Sobre as implicações disso para a ficção científica, ele observa ironicamente: “Na minha profissão, há uma linha tênue entre ficção científica e filosofia”.
‘Computadores feitos de carne’
O professor Seth, no entanto, está explorando a ideia de que a verdadeira consciência só pode ser alcançada por sistemas vivos.
“Pode-se argumentar fortemente que não é a computação que é suficiente para a consciência, mas estar vivo”, diz ele.
“Nos cérebros, diferentemente dos computadores, é difícil separar o que eles fazem do que eles são.”
Sem essa separação, ele argumenta, é difícil acreditar que os cérebros “são simplesmente computadores feitos de carne”.
E se a intuição do professor Seth sobre a importância da vida estiver no caminho certo, a tecnologia mais provável de ser desenvolvida nesse sentido não será feita de silício e executada em código de programação, mas consistirá nas pequenas coleções de células nervosas do tamanho de grãos de lentilha que estão atualmente sendo cultivadas em laboratórios.
Apelidados de minicérebros pela imprensa, eles são chamados de “organoides cerebrais” pela comunidade científica, que os utiliza para pesquisar como o cérebro funciona e para testes relacionados a medicamentos.
Uma empresa australiana chamada Cortical Labs desenvolveu um sistema de células nervosas em uma placa de vidro capaz de jogar o videogame esportivo Pong, de 1972.
Embora esteja muito longe de ser um sistema consciente, o chamado “cérebro em uma placa” é assustador, pois move uma raquete para cima e para baixo na tela para rebater uma bola pixelada.
Alguns especialistas dizem acreditar que, se a consciência surgir, é mais provável que venha de versões maiores e mais avançadas desses sistemas de tecidos vivos.
O Cortical Labs monitora sua atividade elétrica em busca de quaisquer sinais que possam ser evidência de algo como o surgimento da consciência.
O diretor científico e operacional da empresa, Brett Kagan, está ciente de que qualquer inteligência emergente incontrolável pode ter prioridades que “não estão alinhadas com as nossas”.

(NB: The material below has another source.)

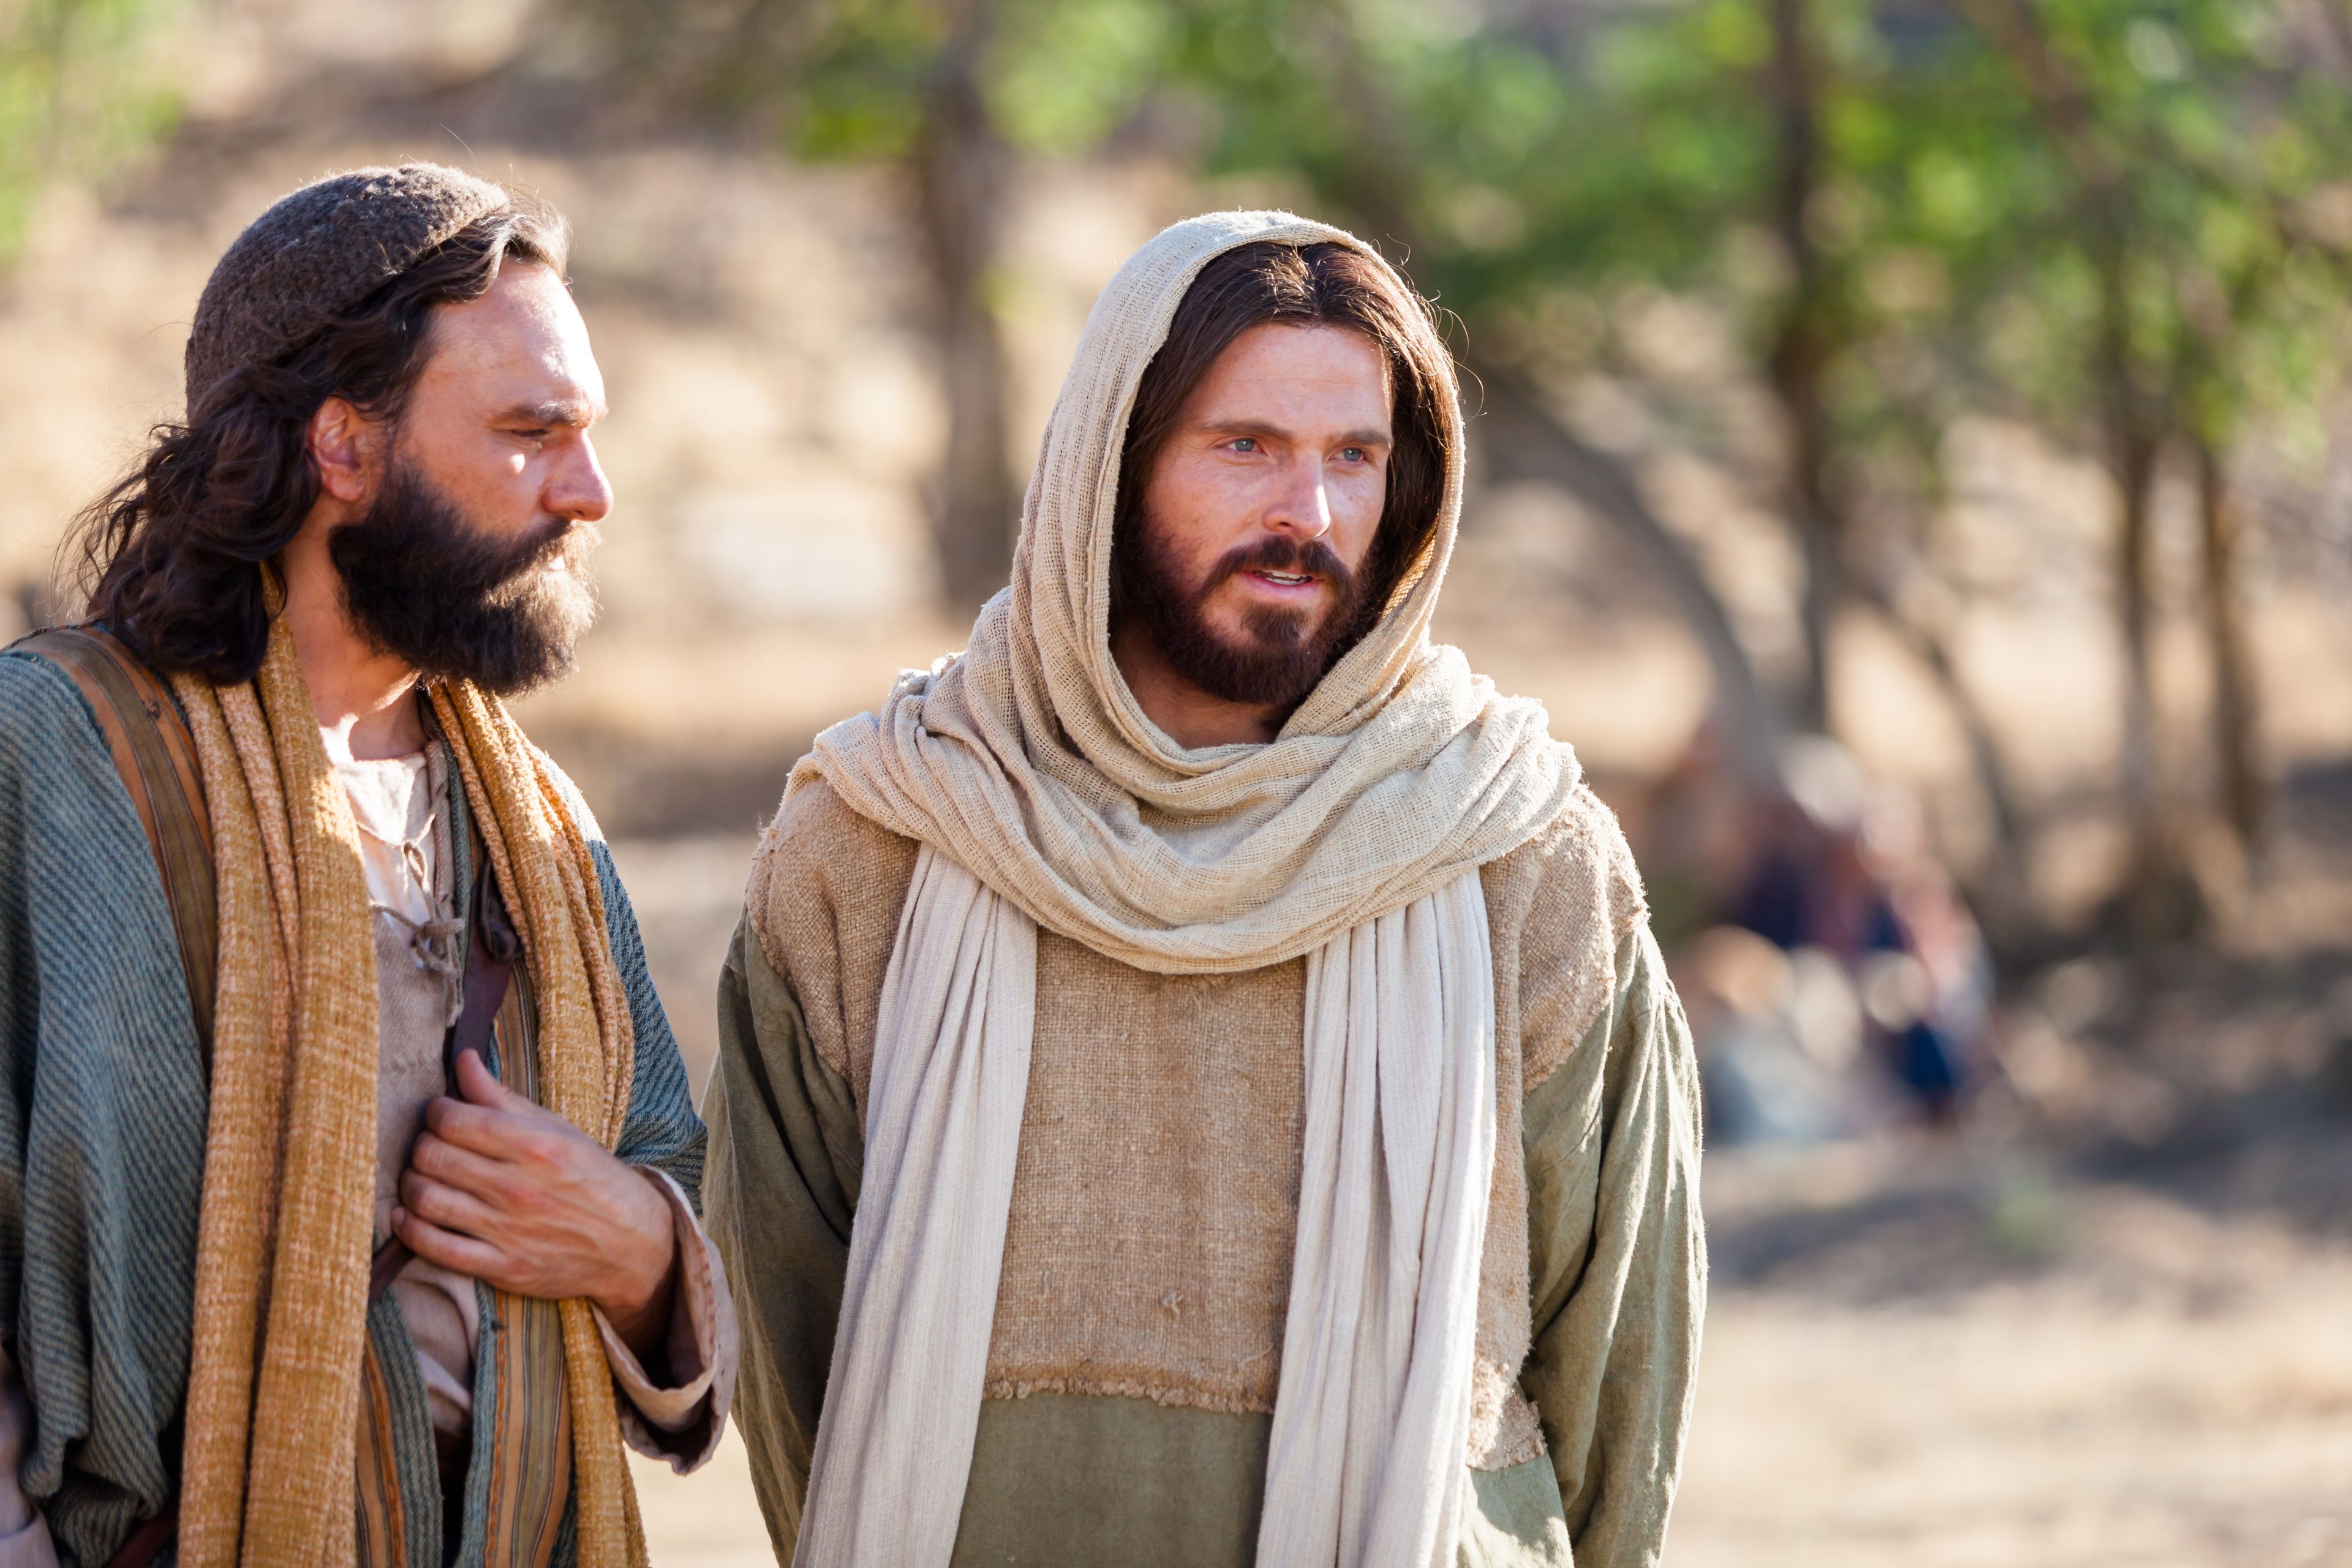 Christ tells Peter to forgive seventy times seven.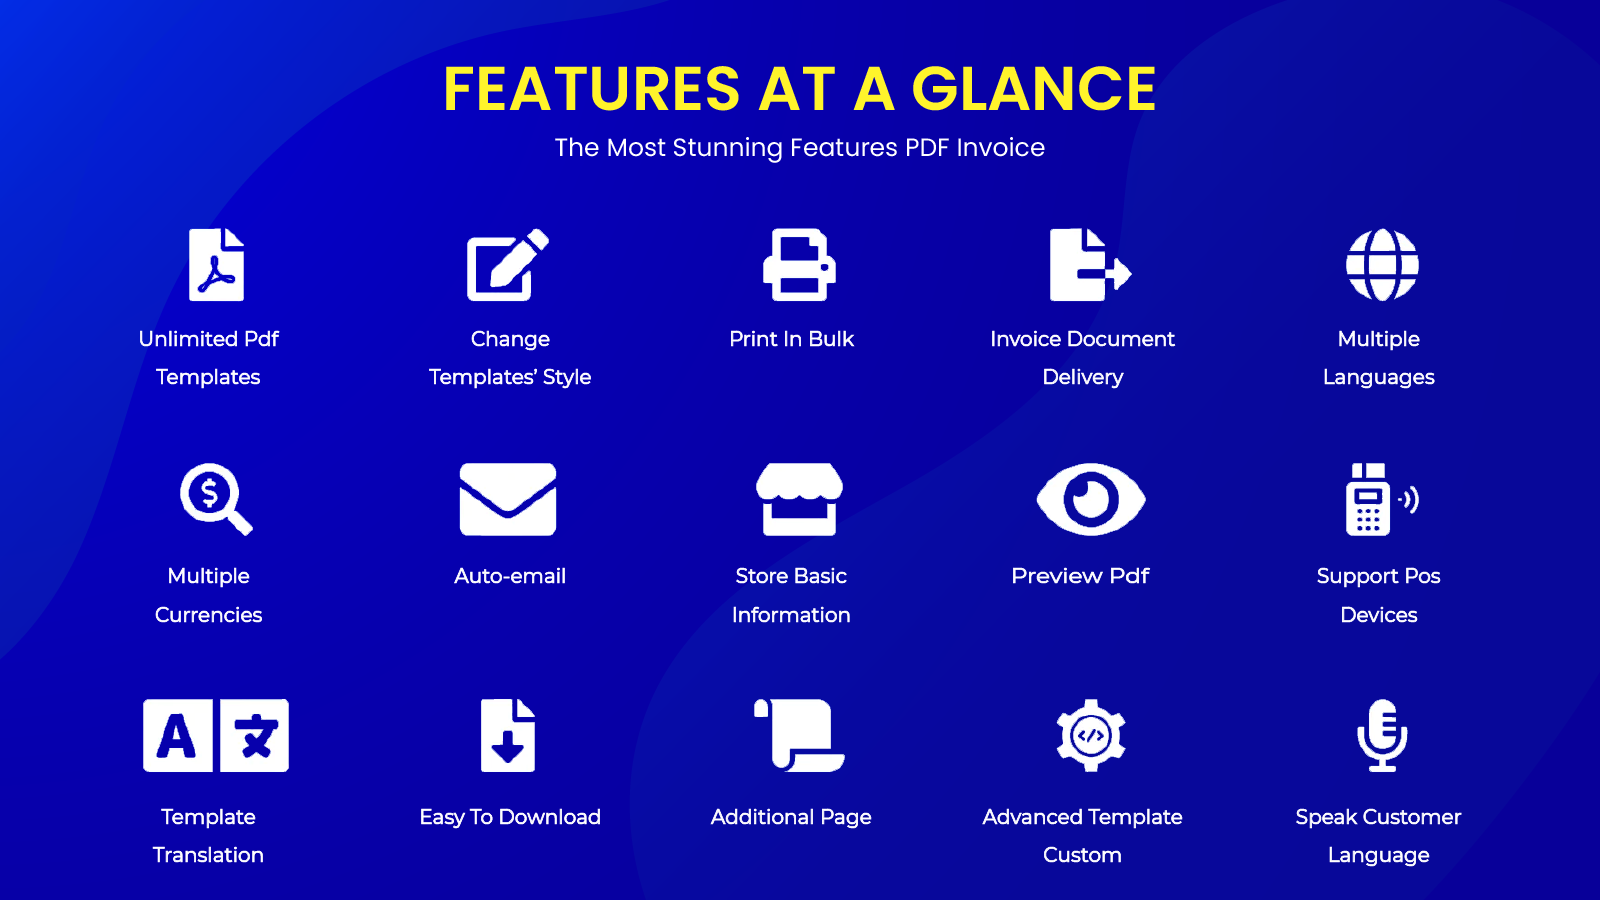 Features at a glance

Nesse caso, ele diz, um pouco em tom de brincadeira, que possíveis vilões organoides seriam mais fáceis de derrotar porque “sempre haverá água sanitária” para despejar sobre seus neurônios frágeis.
Voltando a um tom mais solene, ele afirma que a pequena mas significativa ameaça da consciência artificial é algo em que gostaria que os grandes nomes da área se concentrassem mais como parte de tentativas sérias de avançar nossa compreensão científica.
No entanto, acrescenta, “infelizmente, não vemos nenhum esforço sério nesse espaço”.
A ilusão de consciência
O problema mais imediato, porém, pode ser como a ilusão de que as máquinas são conscientes nos afeta.
Em apenas alguns anos, poderemos estar vivendo em um mundo povoado por robôs humanoides e deepfakes que parecem conscientes, pondera o professor Seth. Ele se preocupa que não seremos capazes de resistir à crença de que a IA tem sentimentos e empatia, o que pode levar a novos perigos.
“Isso significa que confiamos mais nessas coisas, compartilhamos mais dados com elas e estamos mais abertos à persuasão.”
Mas o maior risco da ilusão da consciência é uma “corrosão moral”, diz ele.
“Isso distorcerá nossas prioridades morais, fazendo com que dediquemos mais recursos a cuidar desses sistemas em detrimento das coisas reais em nossas vidas”, o que significa que podemos ter compaixão por robôs, mas nos importar menos com outros humanos.
E isso poderia nos mudar fundamentalmente, afirma o professor Shanahan.
“Cada vez mais, os relacionamentos humanos serão replicados em relacionamentos de IA; eles serão usados como professores, amigos, adversários em jogos de computador e até mesmo parceiros românticos. Se isso é bom ou ruim, não sei, mas vai acontecer, e não seremos capazes de impedir.”